Speed cameras depart, a few more Arizona brain cells disappear
Speed cameras are a brilliant tool.
They keep the roads safer. They allow cops to spend time pursuing violent criminals. And they raise money for the government.
They aren’t taxes. No one’s forcing you to speed! And if you find the yoke of speed-camera oppression on a particular route onerous, why then you can roar up or down another street!
The argument against speed cameras make no sense.
“I want to drive recklessly and don’t want the state to use technological means to catch me.”
So the opponents created a new one: “The state is using the cameras to raise money.”

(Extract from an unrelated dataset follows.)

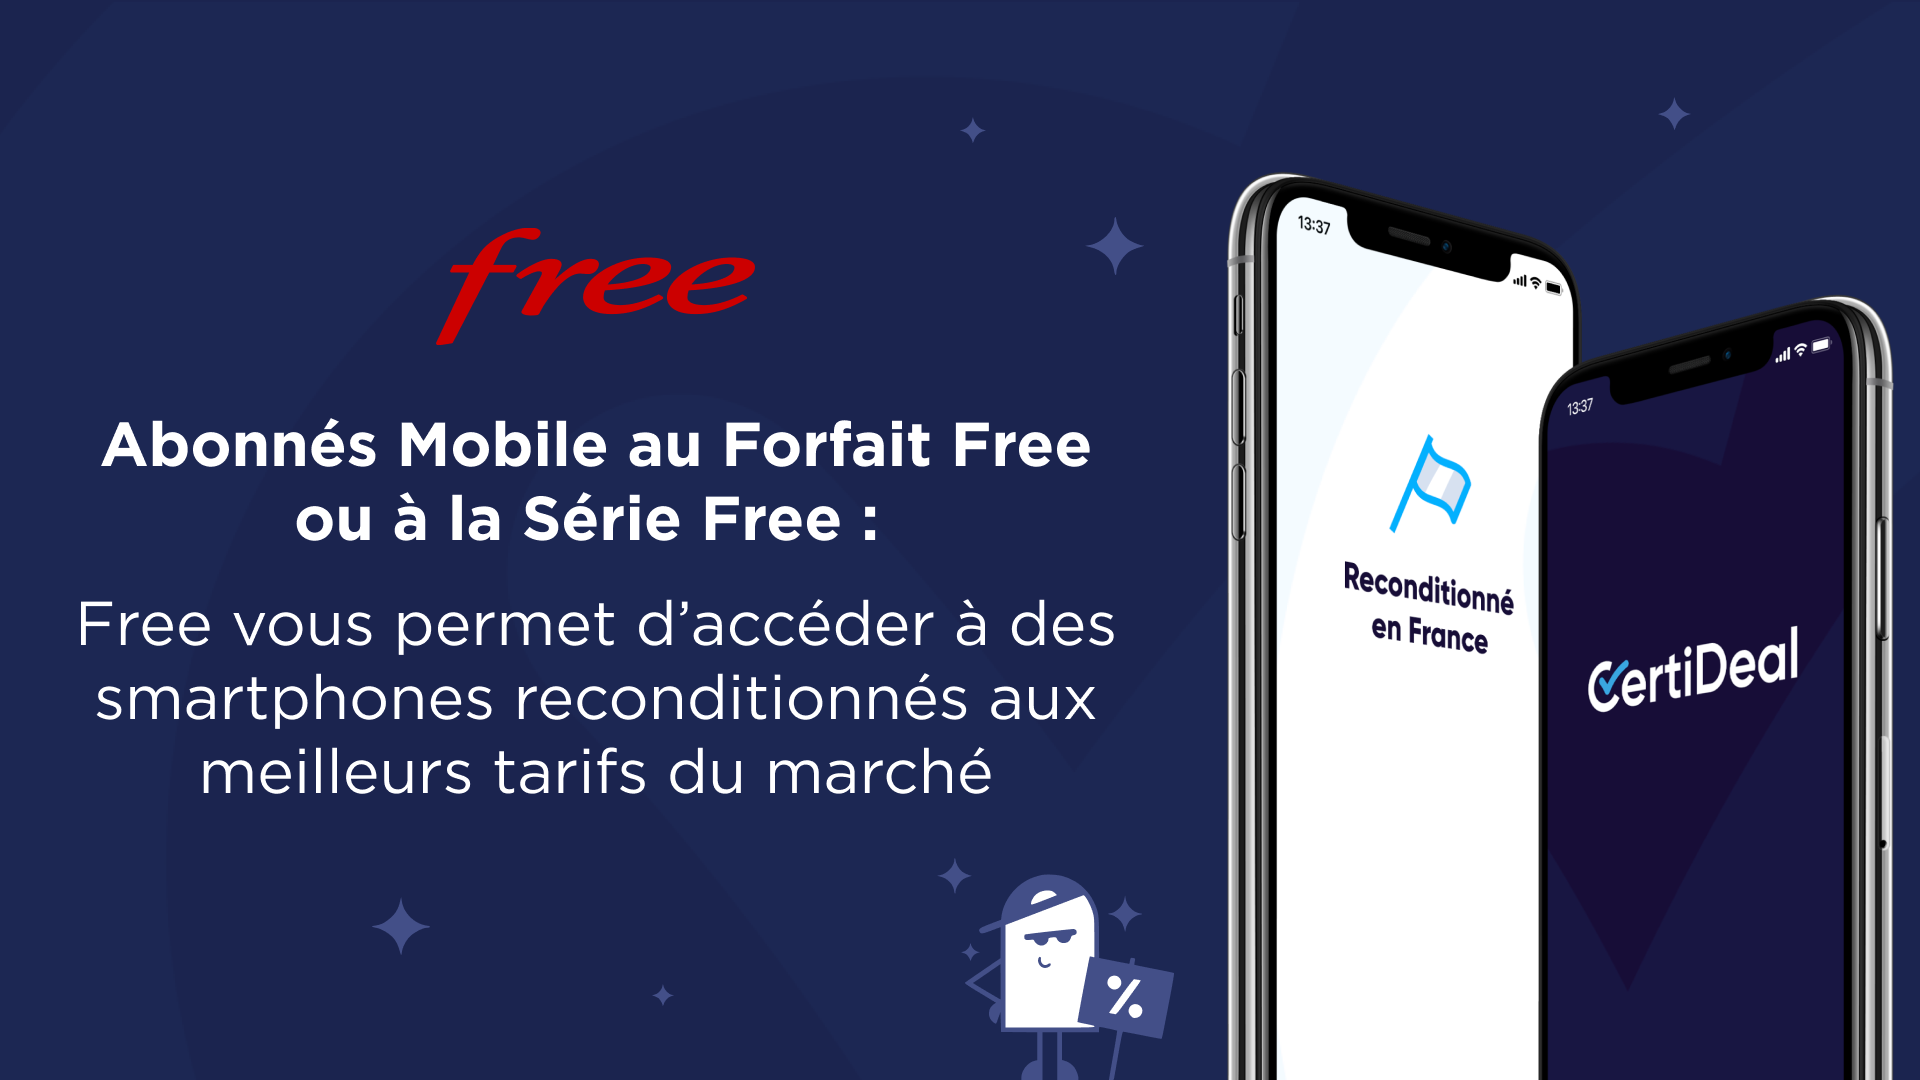 Free permet à ses abonnés Mobile d'accéder à des smartphones reconditionnés aux meilleurs tarifs du marché
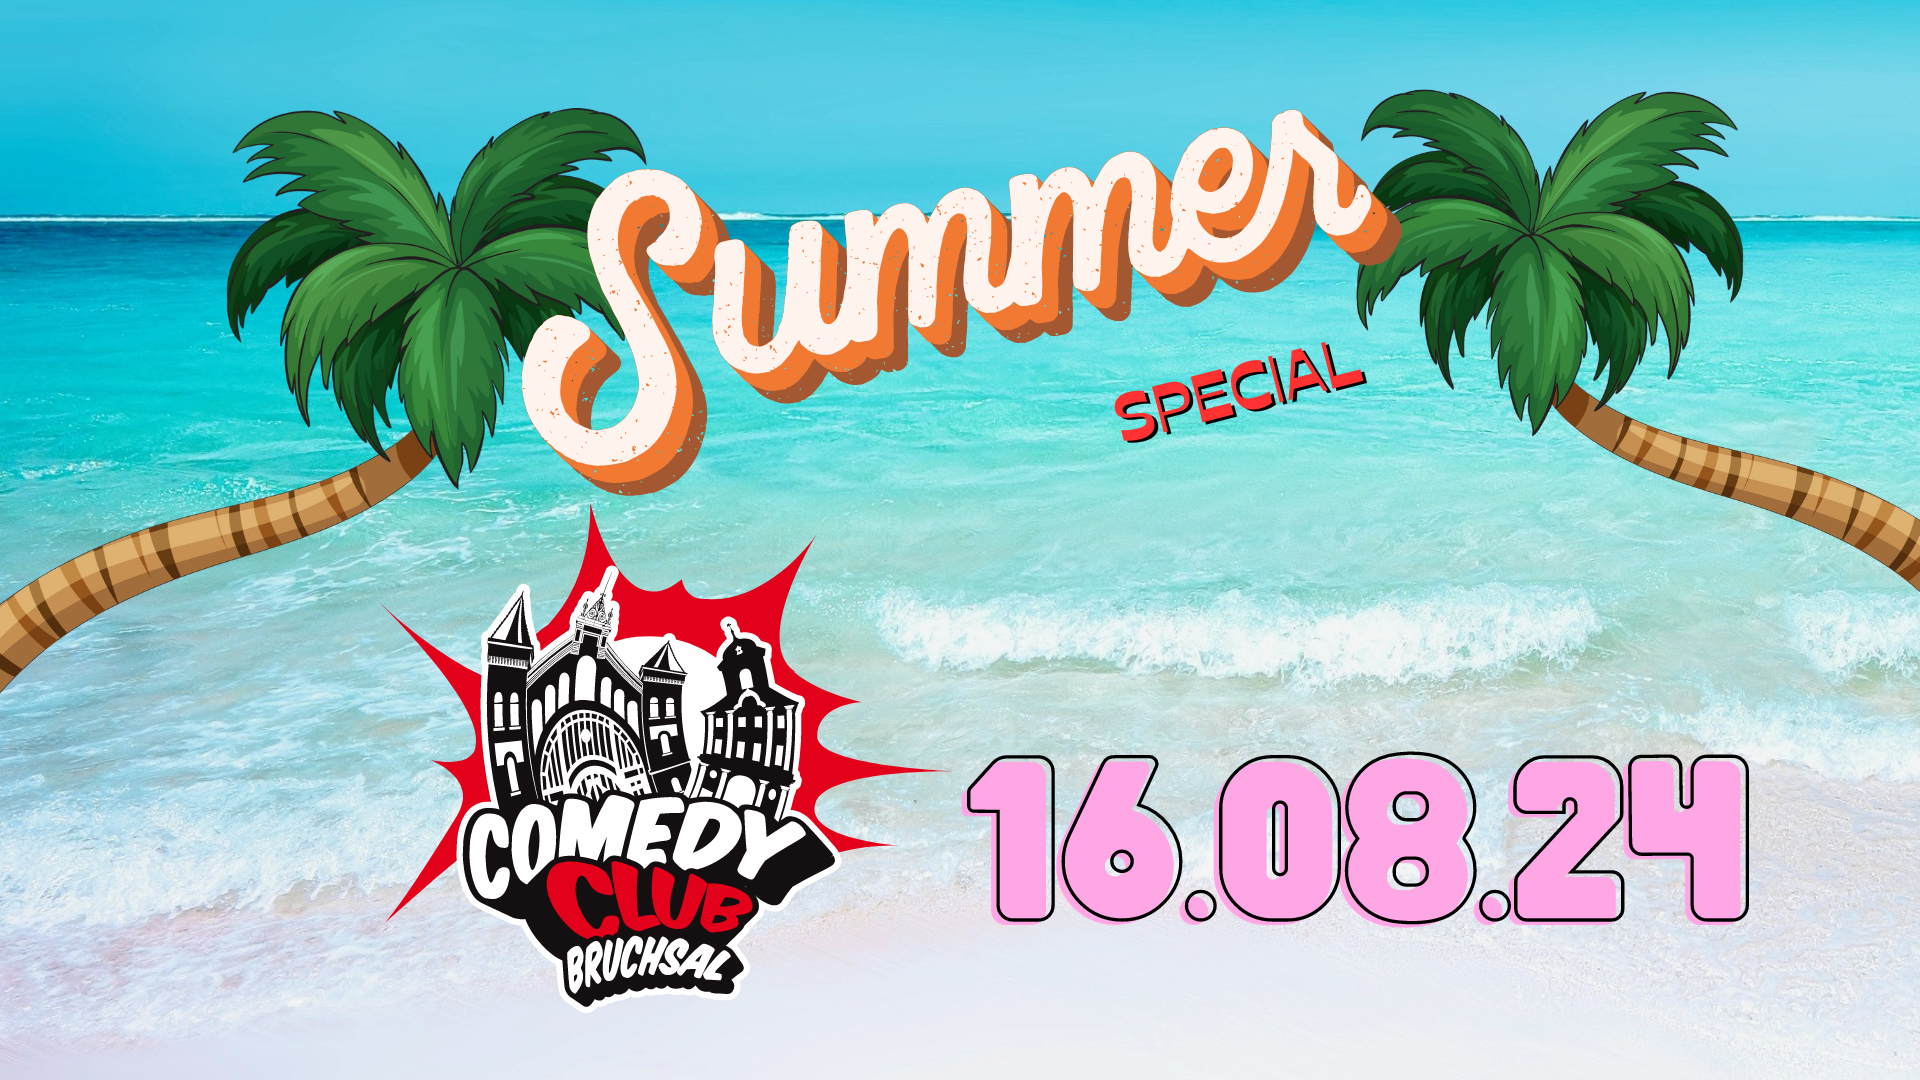 Summer Special - Comedy Club Bruchsal

This became a rallying cry, and actually found traction in this surprisingly dumb state.
That’s a good aspect of the cameras. Dopes who drive fast—they have to pay!
It’s a disincentive to control dangerous behavior. What’s wrong with that?
Nothing. All that’s really happened is that the state is a little less safe. And a little poorer.
Anyway, the cameras the state has placed around Arizona go dark at midnight tonight.
Of the stories in the local press about the occasion, the EVT’s is by far the best.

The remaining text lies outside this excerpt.